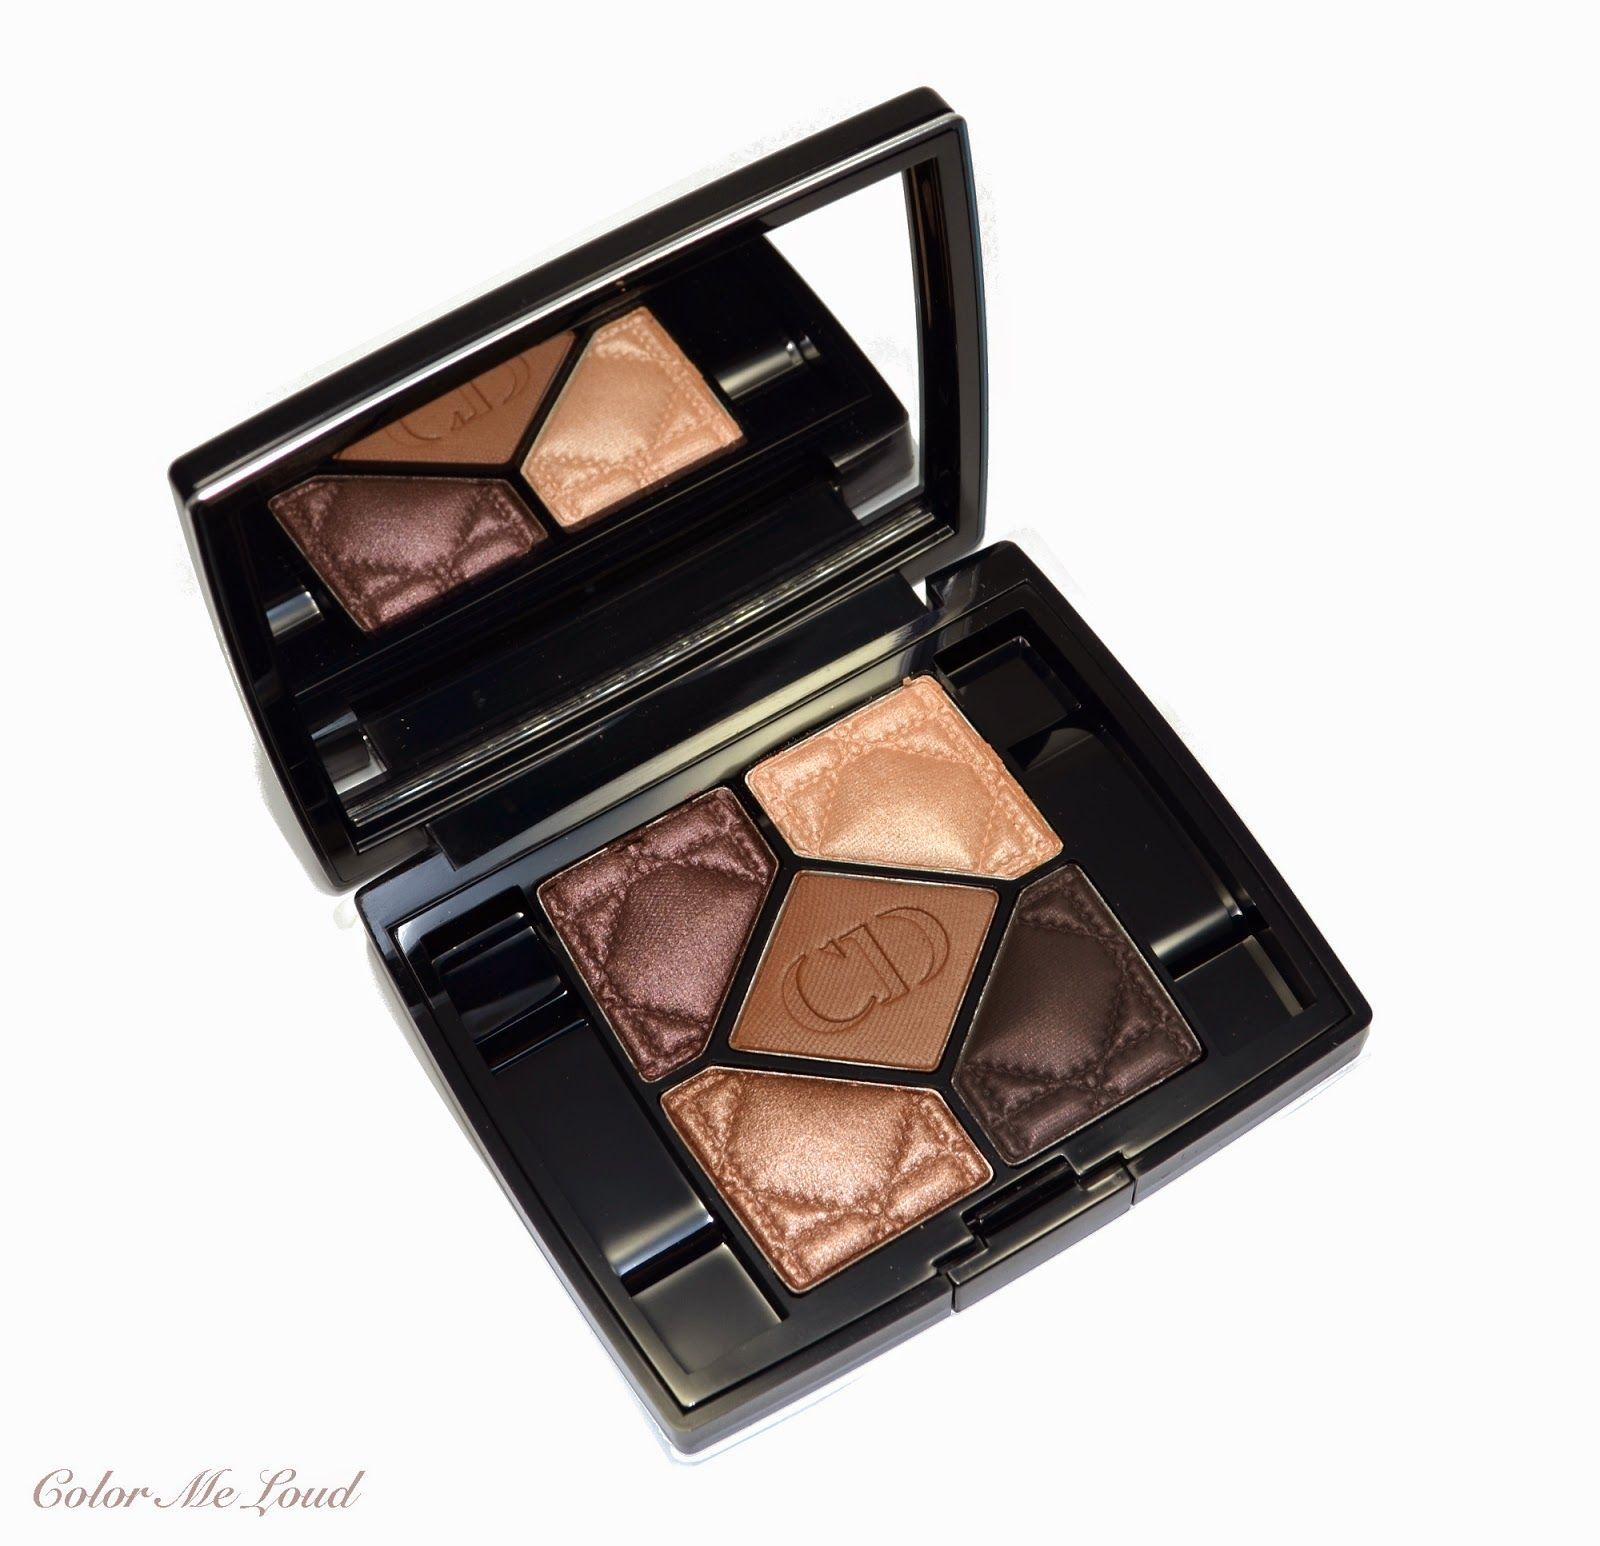 Dior 5 Couleurs Eye Shadow Palette 796 Cuir Cannage
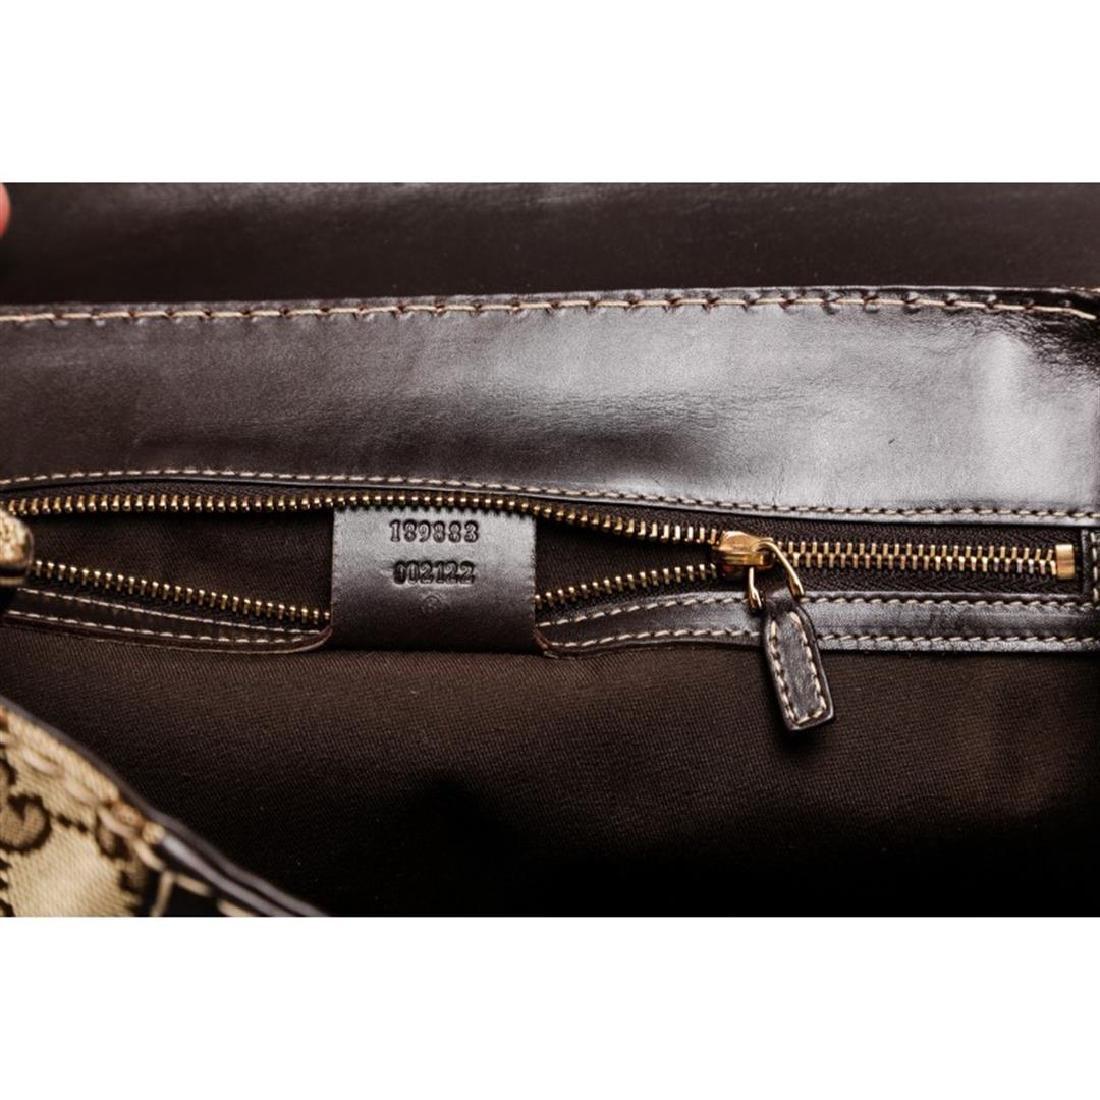 Gucci Beige Canvas Monogram Brown Leather Dialux Queen - 9
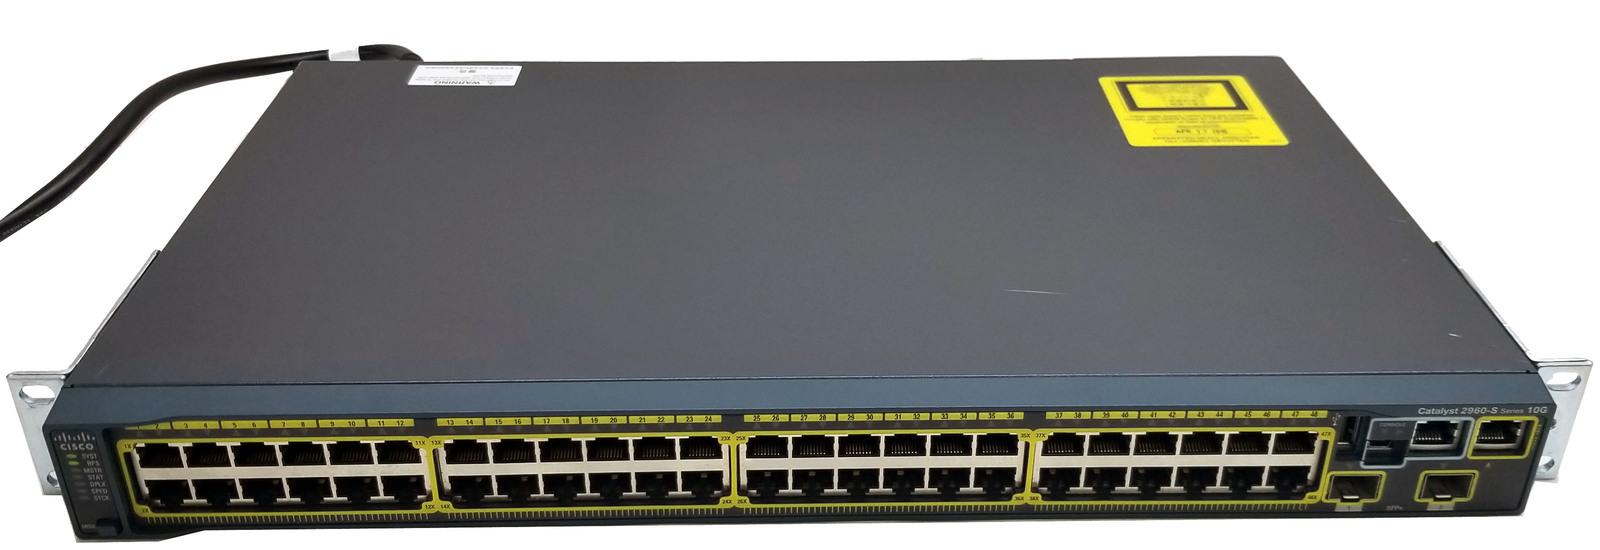 Cisco cata 2960 s 001
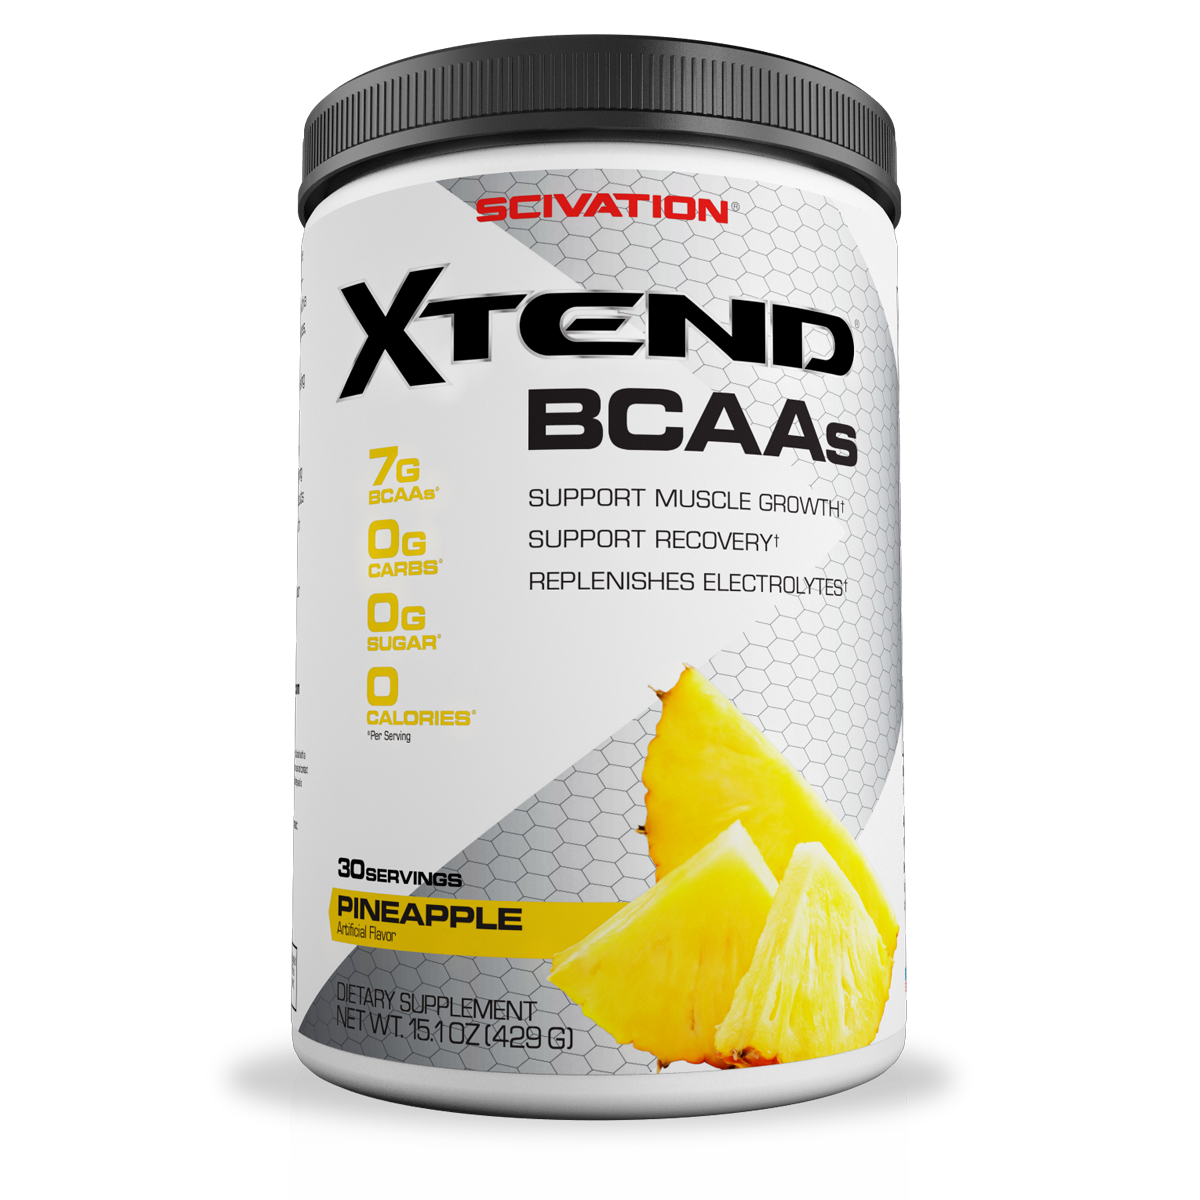 Scivation Xtend BCAA Powder, Pineapple, 30 Servings
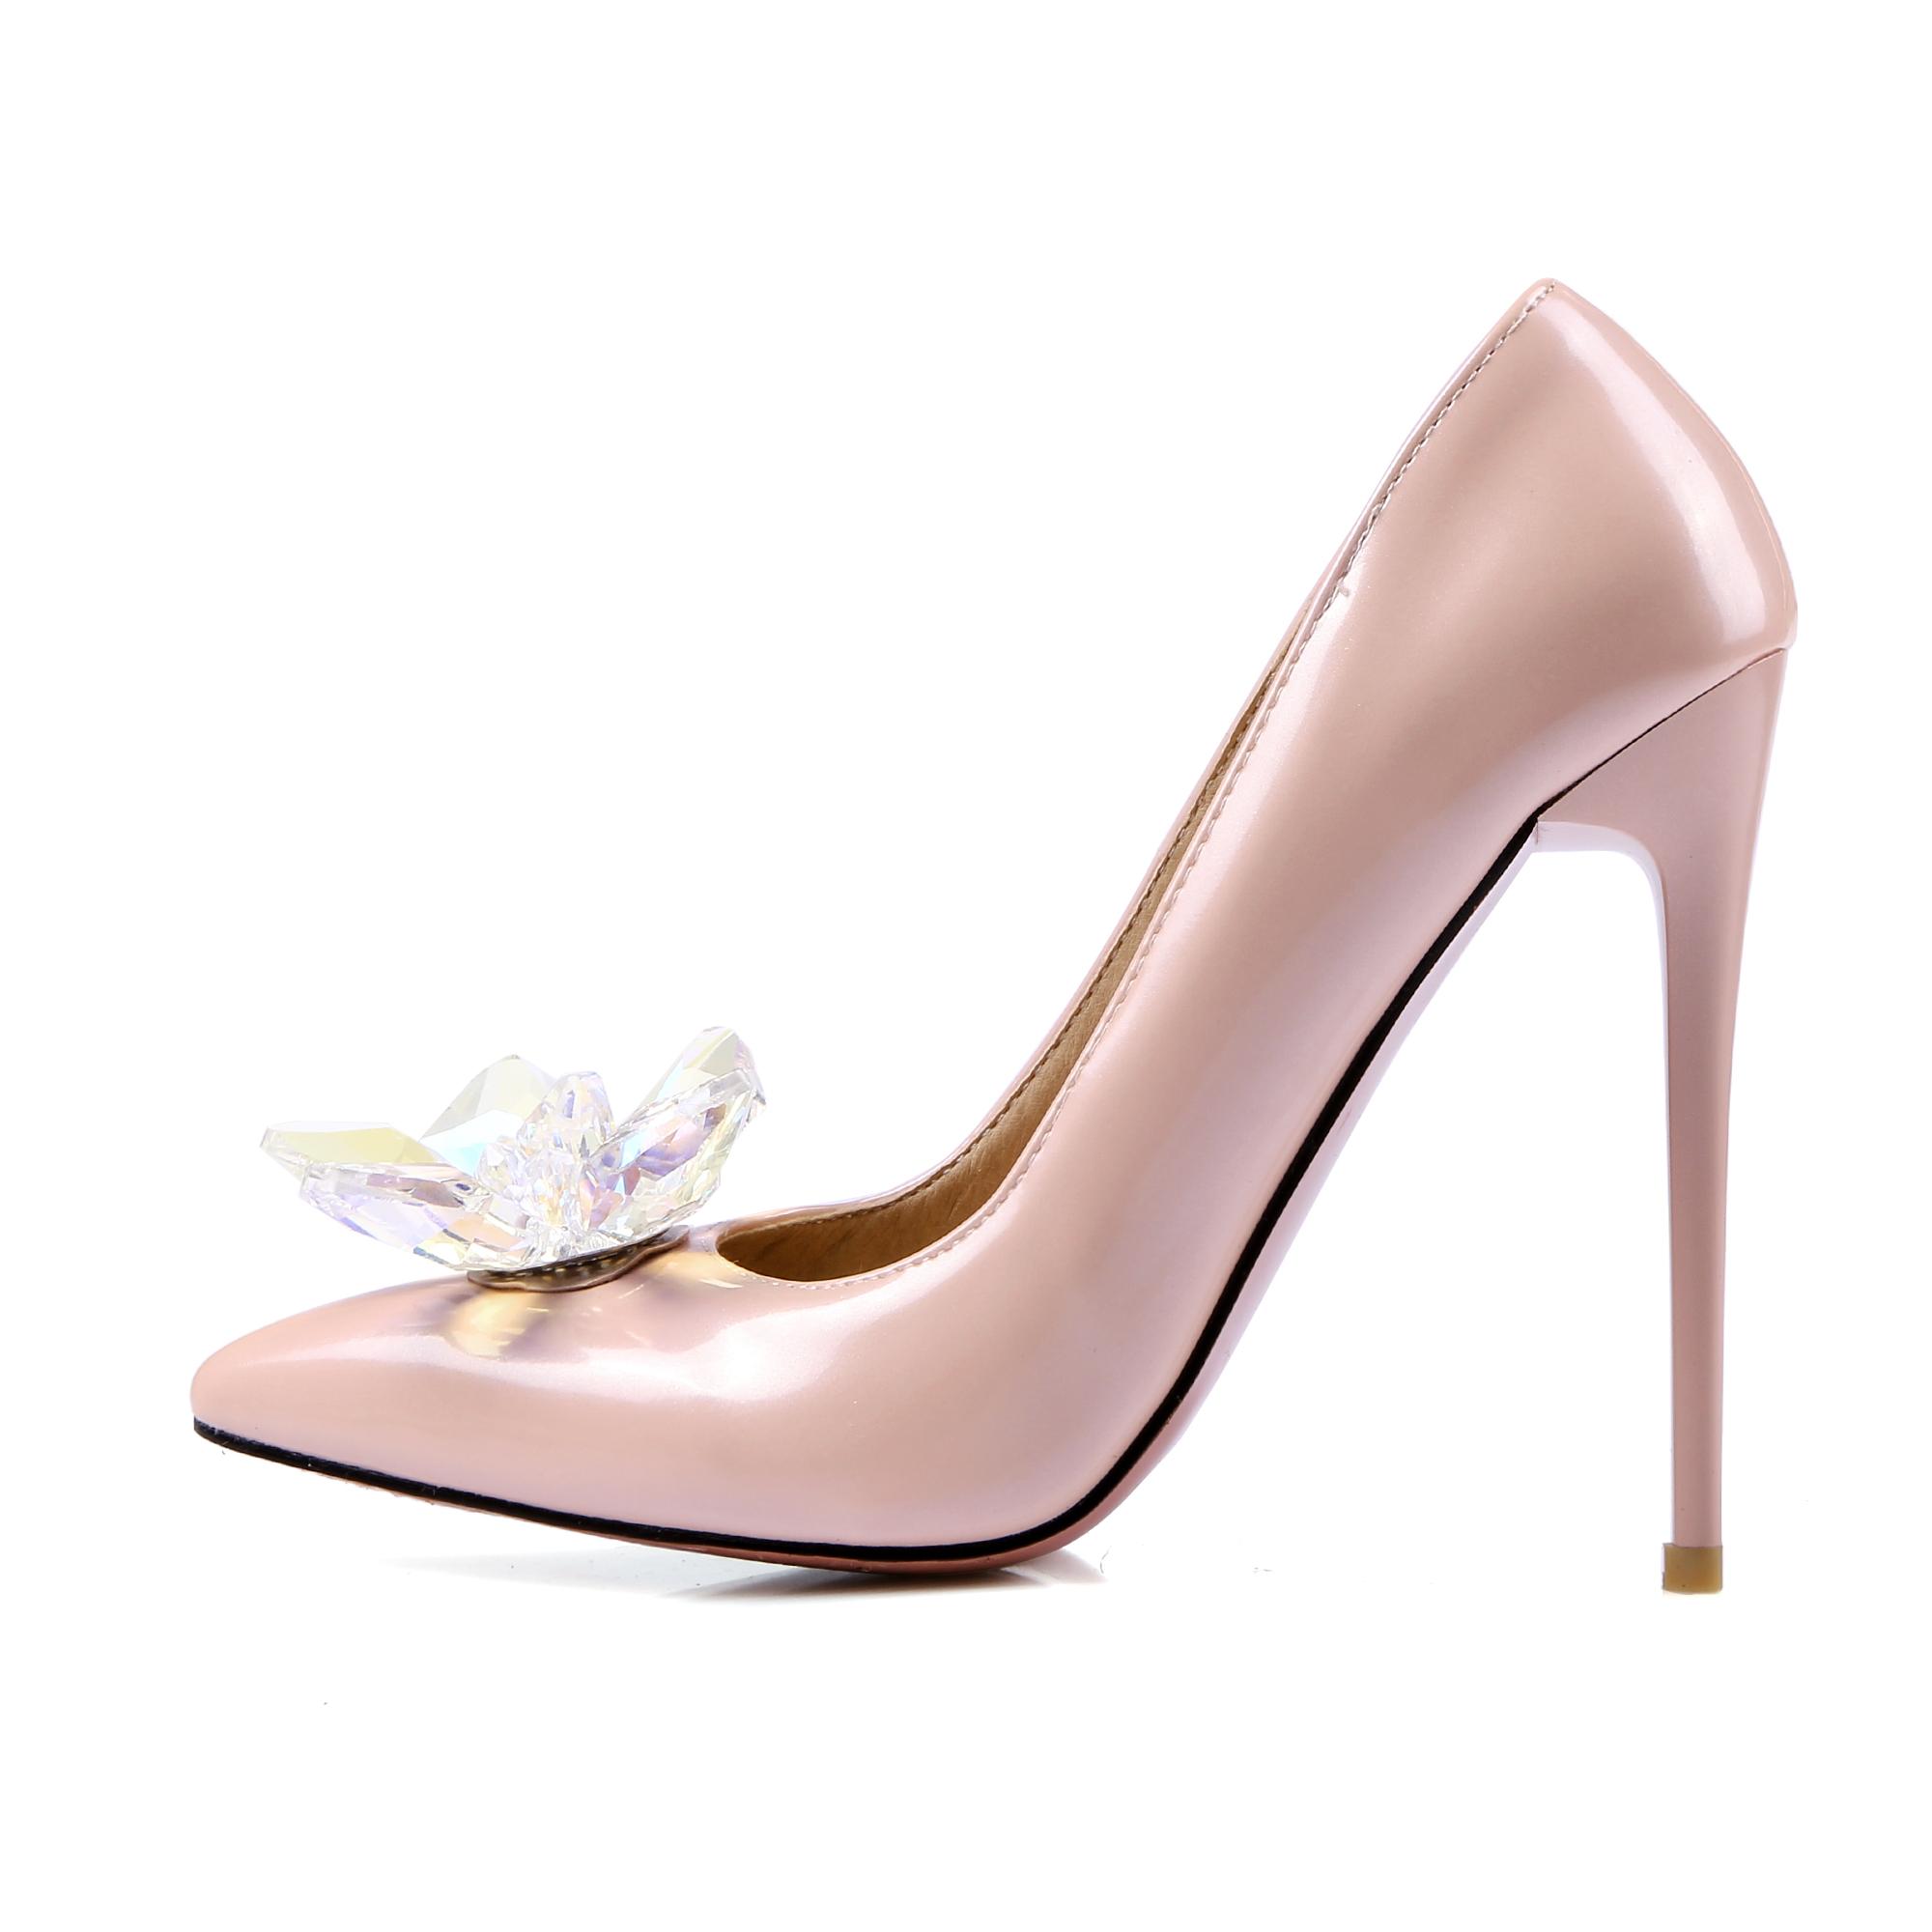 Us 36 2018 Spring Autumn Fashion Shoes Crystal Rhinestone Flowers

++++++++

I'd like the material repeated word for word, without the pictures it holds.

 Dior 5 Couleurs Eye Shadow Palette 796 Cuir Cannage
 Gucci Beige Canvas Monogram Brown Leather Dialux Queen - 9
 Cisco cata 2960 s 001
 Scivation Xtend BCAA Powder, Pineapple, 30 Servings
 Us 36 2018 Spring Autumn Fashion Shoes Crystal Rhinestone Flowers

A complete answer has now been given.